Carisma - Ogólne - [Cari 1.6] Co może chrobotać pomiędzy silnikiem a akumulator
nerpo - 01-11-2010, 15:28 Temat postu: [Cari 1.6] Co może chrobotać pomiędzy silnikiem a akumulator Zauważyłem od kilku dni, że gdy idę zamknąć garaż, tylko rano słychać jakiś delikatny chrobot. Żródło dźwięku jest pomiędzy silnikiem a akumulatorem. NIe jest to sprzęgło, gdyż w takim przypadku byłby szum, który mija po wciśnięciu sprzęgła. Ten chrobot trwa jakieś 30 - 60 sekund i ustaje. Cały dzień nic nie słychać, dopiero po nocy. Co to może być? Czy to bendiks rozrusznika nie odbija. Pozdrawiam i czekam na podpowiedzi.
lapass - 02-11-2010, 13:34
to prawie na pewno skrzynia. słychać ją rano, bo wtedy olej jest zimny i gęsty.
ustaje, jak skrzynia się trochę pokręci, pewnie przy większym mrozie chrobotanie będzie dłużej trwało, może też zaczynać się trochę później, nie zaraz po odpaleniu.

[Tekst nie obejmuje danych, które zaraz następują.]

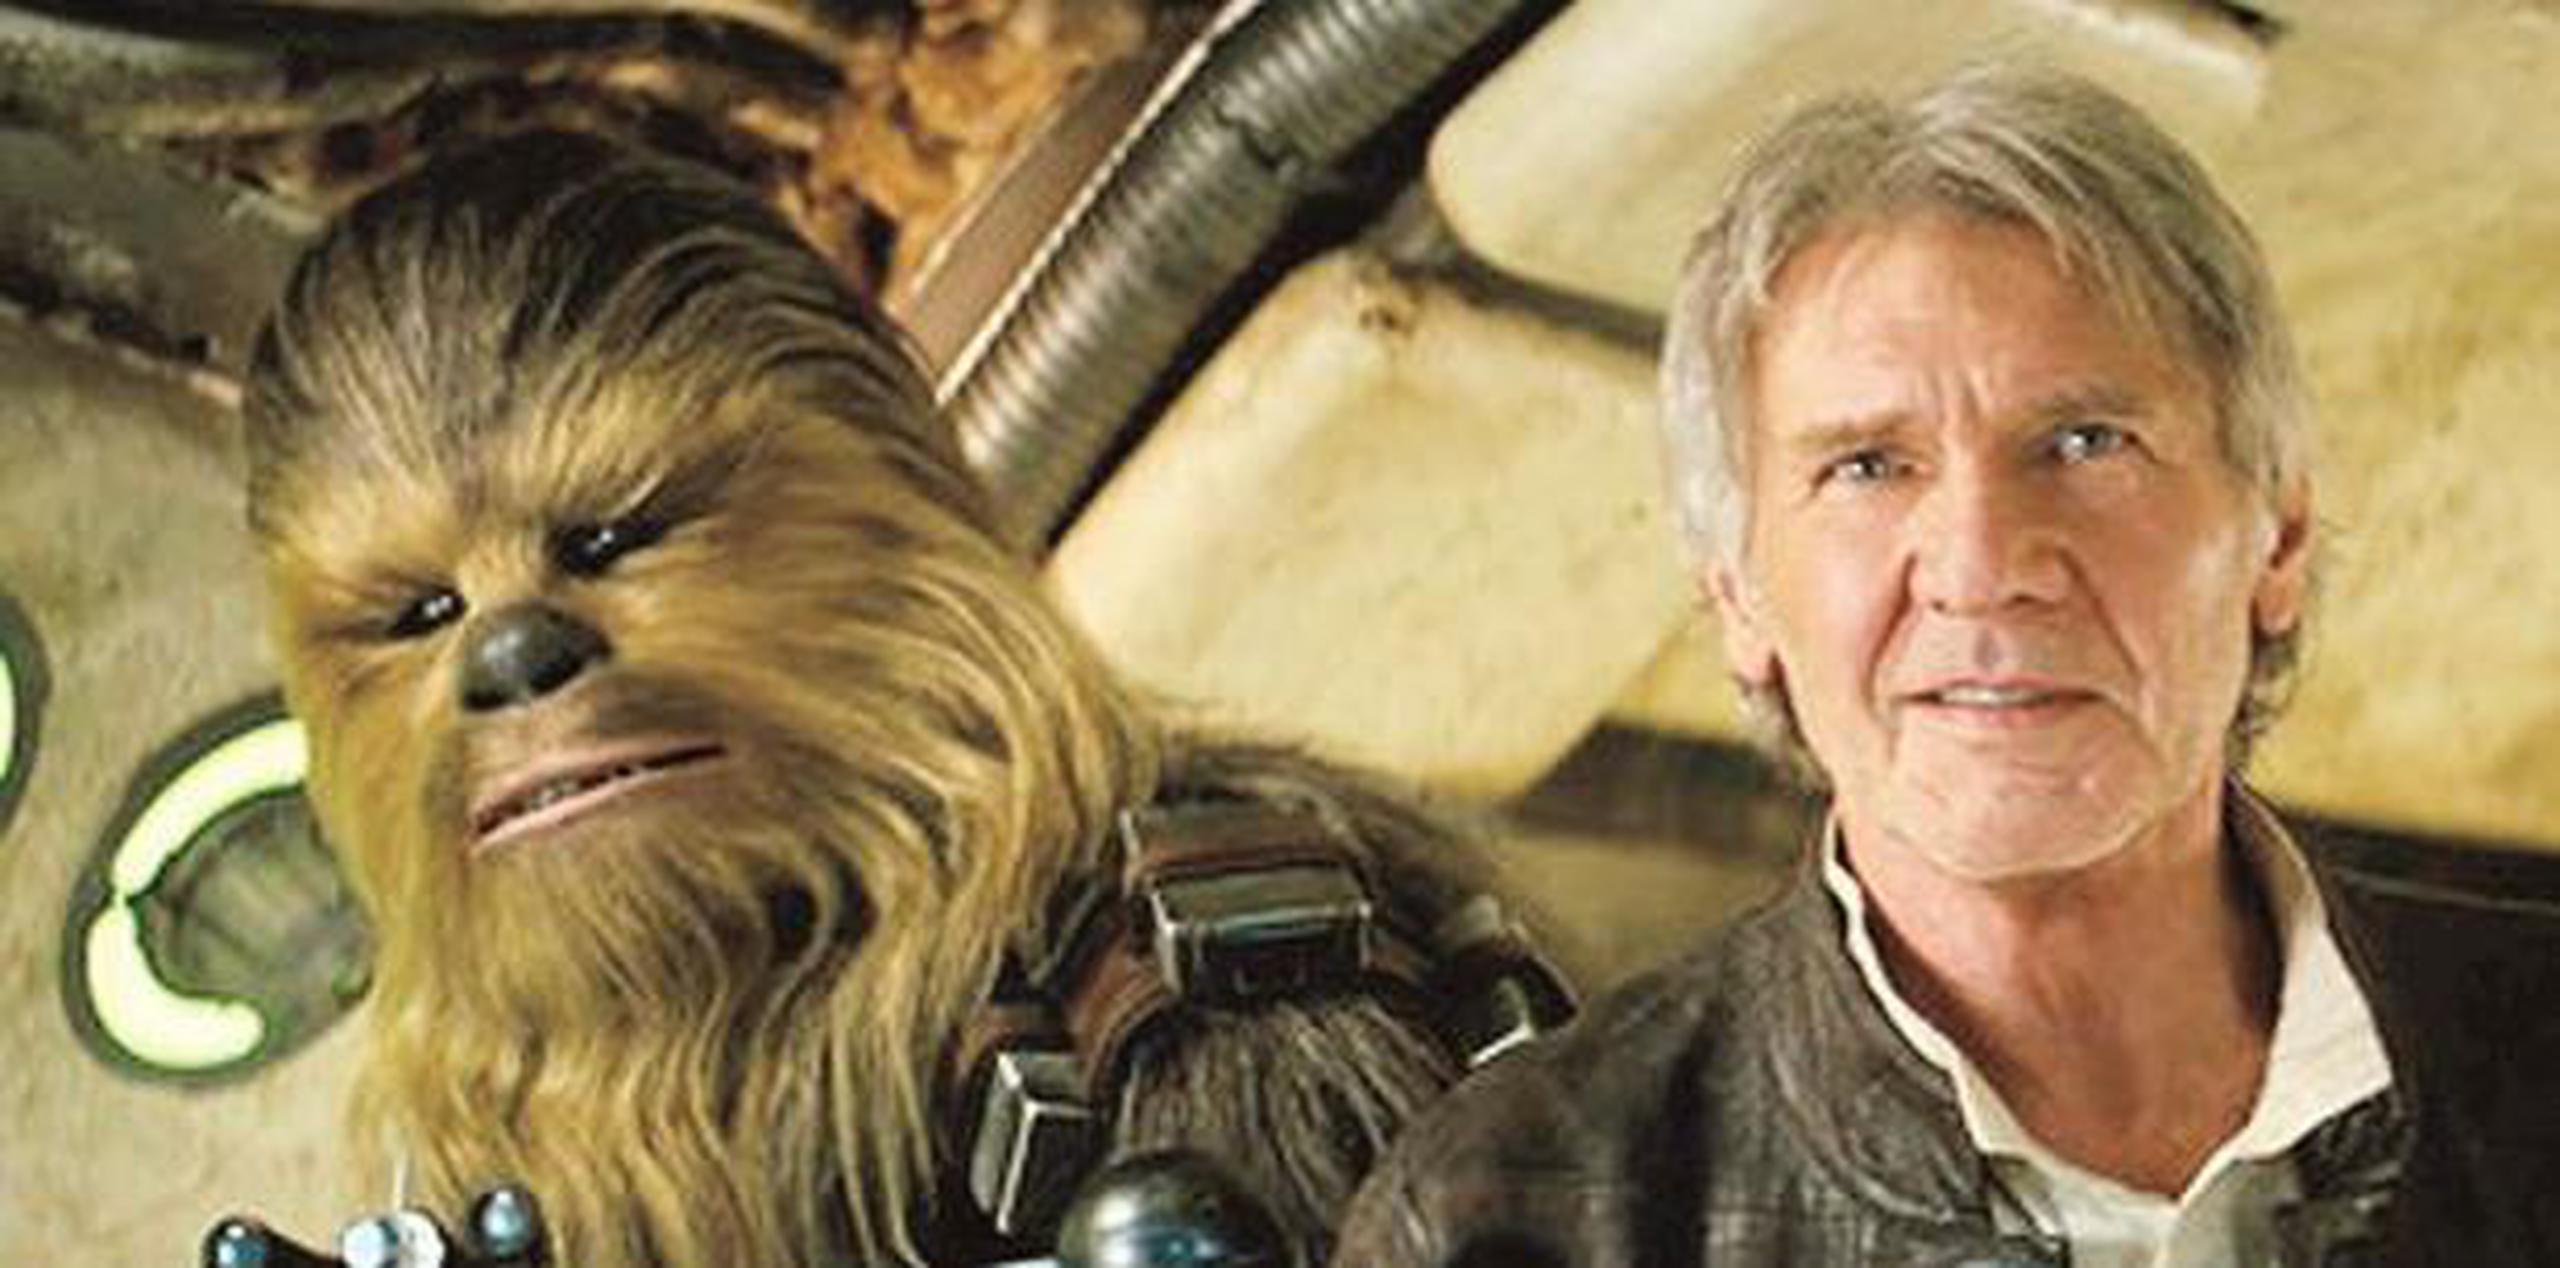 El actor volvió a interpretar a Chewbacca en "Star Wars: Episode III - Revenge of the Sith" (2005), que cerró la segunda trilogía de la saga; y "Star Wars: Episode VII - The Force Awakens" (2015), que inició la tercera, (Archivo)

miejsce też by się zgadzało, skrzynia jest po tej stronie co aku.
sprzęgło (łożysko oporowe) hałasuje po wciśnięciu pedału - wtedy pracuje, na luzie sprzęgło jest rozłączone.
jeśli hałasy są na luzie (bez sprzęgła) to będzie skrzynia. po wciśnięciu sprzęgła cichnie, bo jest rozłączana od silnika i staje.
ja bym wymienił olej, chociaż niby w skrzyni F5M42 producent nie zaleca wymiany (nie wiem jaką masz w aucie).
nerpo - 02-11-2010, 20:47
Lapass, dzięki za podpowiedź. W kwietniu był wymieniany piąty bieg o olej. Mechanikiem jest polecany gdzieś na forum pan Seweryn z ASO Mitsubishi w Lublinie. W piątek przyjedzie, by posłuchać tego chrobotu. Czy twoim zdaniem oprócz oleju wchodzi w rachubę wymiana skrzyni albo sprzęgła? Masz jakieś doświadczenie w tym temacie.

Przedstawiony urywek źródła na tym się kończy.